Attitudes towards the Middle East are often dominated by this duality: between “sectarian” religious politics and “inclusive” secular nationalism. The reality of course is more complex. The desire to turn the Middle East into a new Caliphate may well ride roughshod over the interests of minorities. But the same can also be true of pan-Arabist politics – when the fiction of an “Arab” Middle east is imposed upon the actually existing ethnic patchwork. Thus while Nasser may have offered some protection to Egypt’s Copts, he was nonetheless happy to ethnically cleanse Egypt’s Jews, and to preside over the persecution and mass exodus of thousands of ethnic Greeks. The experience of Kurds, in Iraq, Turkey and elsewhere illustrates all too well the danger of presuming that secular nationalism represents a cosmopolitan alternative to religious sectarianism.

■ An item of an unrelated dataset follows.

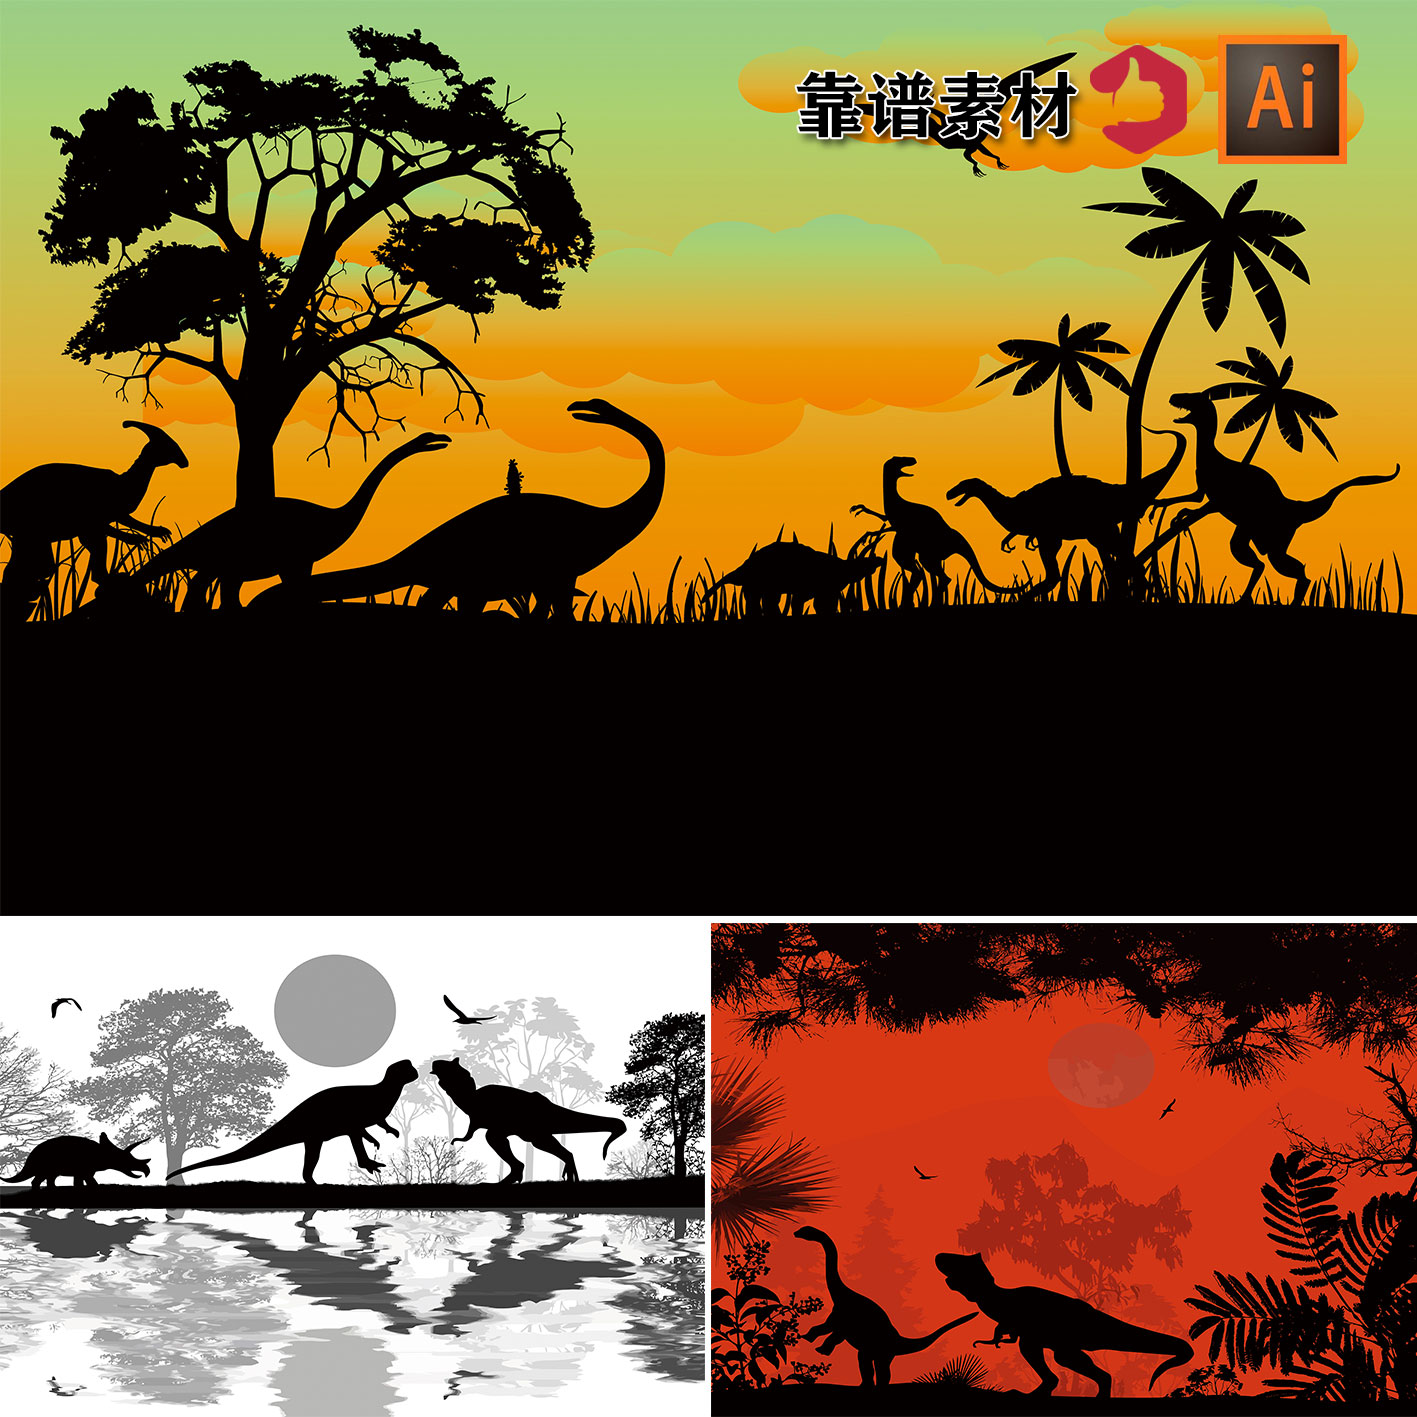 原始森林树林恐龙剪影黑白插画壁纸墙纸背景AI矢量设计素材

More broadly, there is a limit to what the Nasserite brand of radical nationalism can offer the Egyptian revolution today. Like many of his contemporaries in the developing world, he combined forthright opposition to imperialism with a domestic politics that did little to challenge Egypt’s existing class structure. When Che Guevara visited Nasser, he complained that the Egyptian premier had created too few refugees – that the pre-existing elites were all to comfortable under the new regime. Like Indonesia’s Sukarno, with whom Nasser had a great many parallels, Nasser laid the groundwork for a capitalist economy dominated by the military elite. Despite the popularity of his many stands against imperialism, he never created a class-based politics capable of cutting across the religious-secularist divide.
And this really is the nub of the issue. Since Nasser didn’t bother with elections, he was never compelled to come up with a strategy for dealing with the uneven contours of Egyptian society: with the fact that for millions of Egyptians, groups such as the Muslim Brotherhood were the obvious and logical choice of government. Yet this is the crucial challenge facing Egyptian leftists today. Whilst the Nasserite candidate Hamdeen Sabahhi may have garnered the most votes in Cairo and Alexandria, outside of the big cities, Egyptians voted en masse for Morsi. These are circumstances under which Egypt’s revolutionaries need, urgently, to find a way forward. And in this respect, there is a limit to what NasserStalgia can offer them.